A different method to the one below.

Explanation:

We have #abs(sinx)=abs(cos3x)#. But by definition, #cos3x=sin(pi/2-3x)#.

So the equation becomes #abs(sinx)=abs(sin(pi/2-3x))#.

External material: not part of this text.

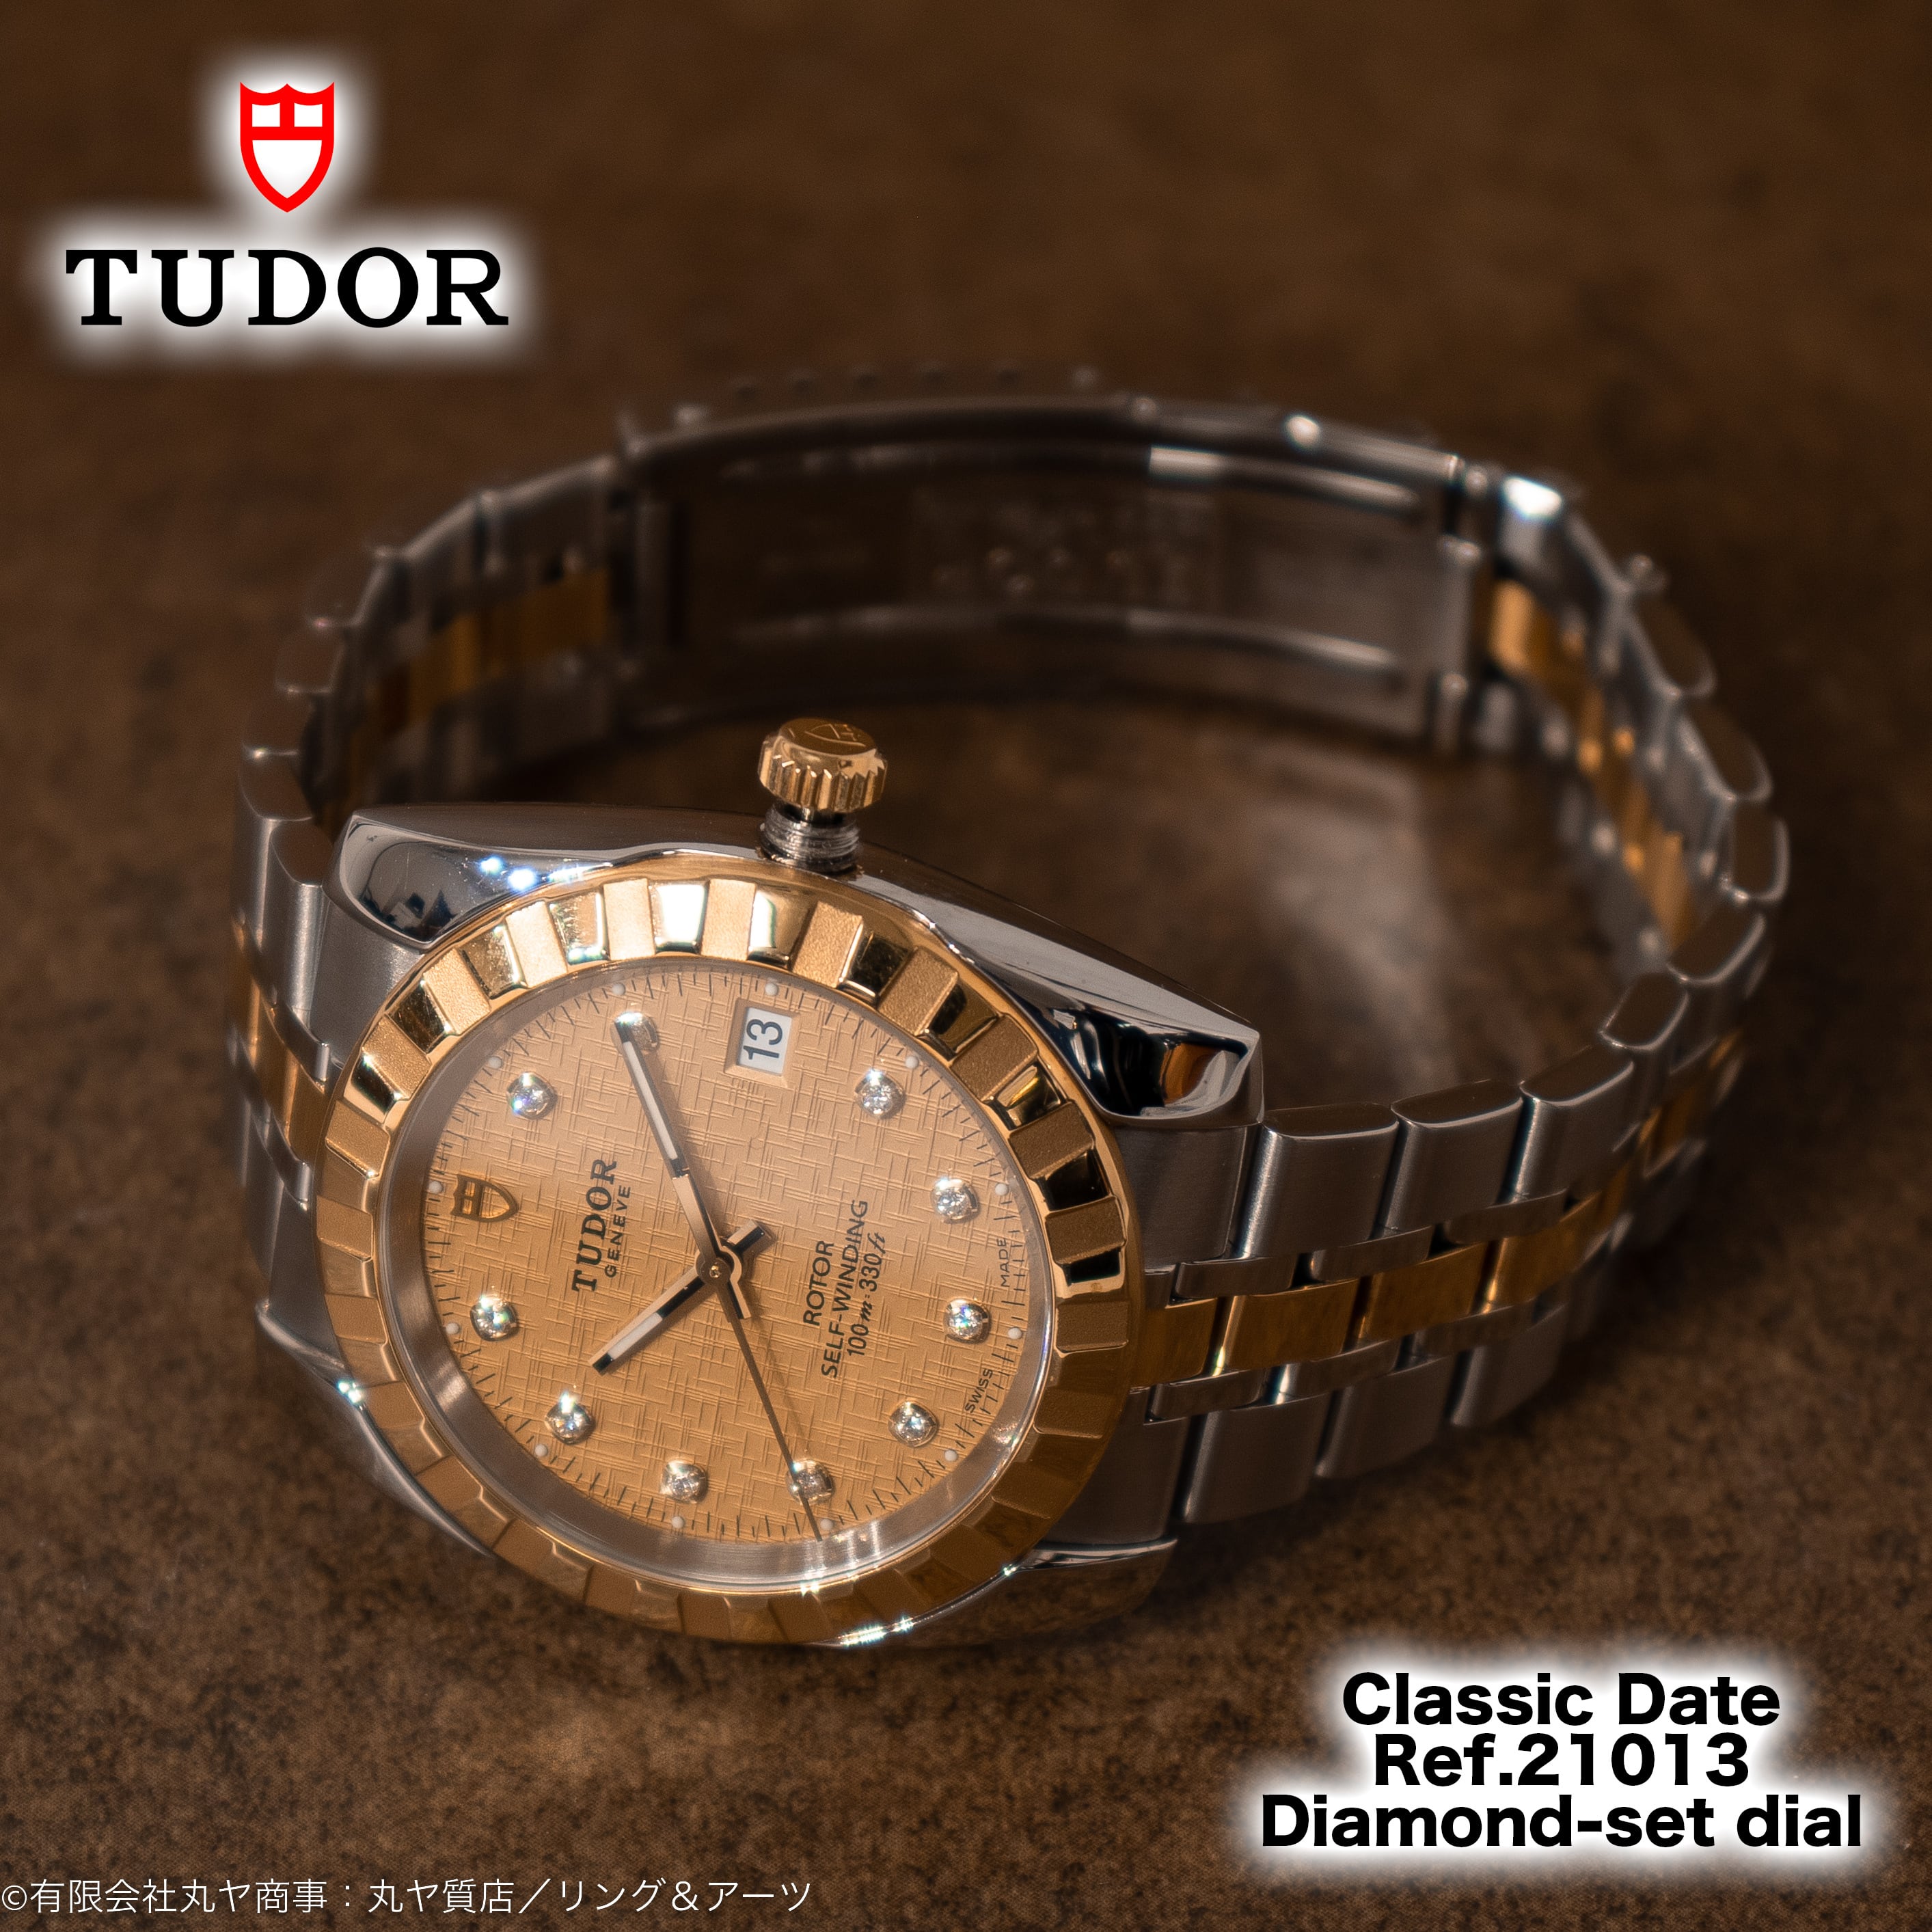 チューダー/チュードル/TUDOR:クラシック デイト 10Pダイヤモンド入りシャンパン文字盤製自動巻腕時計/Ref.21013型/TUDOR  CLASSIC DATE Diamond set dial | ...

This equation is true iff #sinx=sin(pi/2-3x)# or #sinx=-sin(pi/2-3x)=sin(3x-pi/2)#

Finding general solutions will be left as an exercise

Dec 5, 2017

#(x=pi/8 + (kpi)/4)#

Explanation:

#|sinx|=|cos3x|#

From the tables we know that :

#color(blue)(cos3x=4 cos^3 x-3 cosx)#,

#|sinx|=|4 cos^3 x-3 cosx|#

#+-sinx= (4cos^2 x-3)cosx#

#+-tan x= (4cos^2 x-3)#

#color(blue)(1+tan^2 x=1/cos^2x)#

#tan^2 x=( (4cos^2 x-3))^2=(16cos^4x-24cos^2 x+9)#

#1/cos^2x=16cos^4x-24cos^2 x+9+1#

#1=16cos^6x-24cos^4 x+10Cos^2x#

I could solve this equation with #y =cos^2x#

#16y^3-24y^2+10y-1=0#

but it is beyond my capabilities.

If we play a little with the trigonometric circle we can find

that #x=+-pi/4+kpi# is one of the solutions, as

#|sin(x)|=|sin(pi/4)+kpi|=sqrt(2)/2#

and

#|cos(3x)|=|cos(3pi/4)+3kpi|=sqrt(2)/2#

#color(red)(x=pi/4+kpi/2#

so #x=pi/4-> cos(x)=sqrt(2)/2-> y=0.5#

We just need to divide the third degree equation by (y-0.5) and obtain the remainder solutions:

#16y^2-16y+2=0#

#8y^2-8y+1=0#

#y=(8+-sqrt(8^2-4*8*1))/(2*8)#

#y=(8+-sqrt(64-32))/(16)#

#y=(8+-sqrt(32))/(16)#

#y=(8+-4sqrt(2))/(16)#

#y=(2+-sqrt(2))/(4)#

#->cos^2x=y#

#cosx=sqrt((2+-sqrt(2))/(4)#

#cosx=sqrt(2+-sqrt(2))/(2)#

#cosx=cos(+-pi/8) or cos x=cos (+-(3pi)/8)#

#x=+-pi/8+2kpi or x +-3pi/8+2kpi#

#color(red)(x=pi/8 + kpi/2)#

Remember the first solution:

#color(red)(x=pi/4+kpi/2#

and gives

#color(green)(x=pi/8 + (kpi)/4)#

Dec 5, 2017

x = pi/8 + (kpi)/4
x = - pi/4 + kpi
x = - (3pi/4) + kpi

Explanation:

Note that sin x = cos (pi/2 - x)
#Icos (pi/2 - x)I = Icos 3xI#
We have to solve these equations:
#cos (pi/2 - x) = cos 3x#, and
#cos (pi/2 - x) = - cos 3x#
A. #cos (pi/2 - x) = cos 3x#
#(pi/2 - x) = +- 3x#
a. #pi/2 - x = 3x# --> #4x = pi/2 + 2kpi# --> #x = pi/8 + (kpi)/4#
b. #pi/2 - x = - 3x# --> #2x = - pi/2 + 2kpi# --> #x = - pi/4 + kpi#
B. #cos (pi/2 - x) = - cos 3x = cos (3x + pi)#
#(pi/2 - x) = +- (3x + pi)#
a. #pi/2 - x = 3x + pi# --> #4x = - pi/2 + 2kpi# -->
#x = - pi/4 + kpi#
b. #pi/2 - x = - 3x - pi# --> #2x = - (3pi)/2 + 2kpi# -->
#x = - ((3pi)/4) + kpi#
Finally, the general solutions are:
#x = pi/8 + (kpi)/4; x = - pi/4 + kpi; x = -((3pi)/4) + kpi#
Check.
#x = pi/8 = 22^@5# --> #sin 22.5 = 0.38# -->
#cos 67.5 = 0.38#. Proved
#x = - 45# --> #sin (- 45) = - sqrt2/2# -->
#cos (- 135) = - sqrt2/2#. Proved
#x = - (3pi)/4# --> #sin x = - sqrt2/2# -->
#cos ((9pi)/4) = cos (pi/4) = sqrt2/2#. Proved.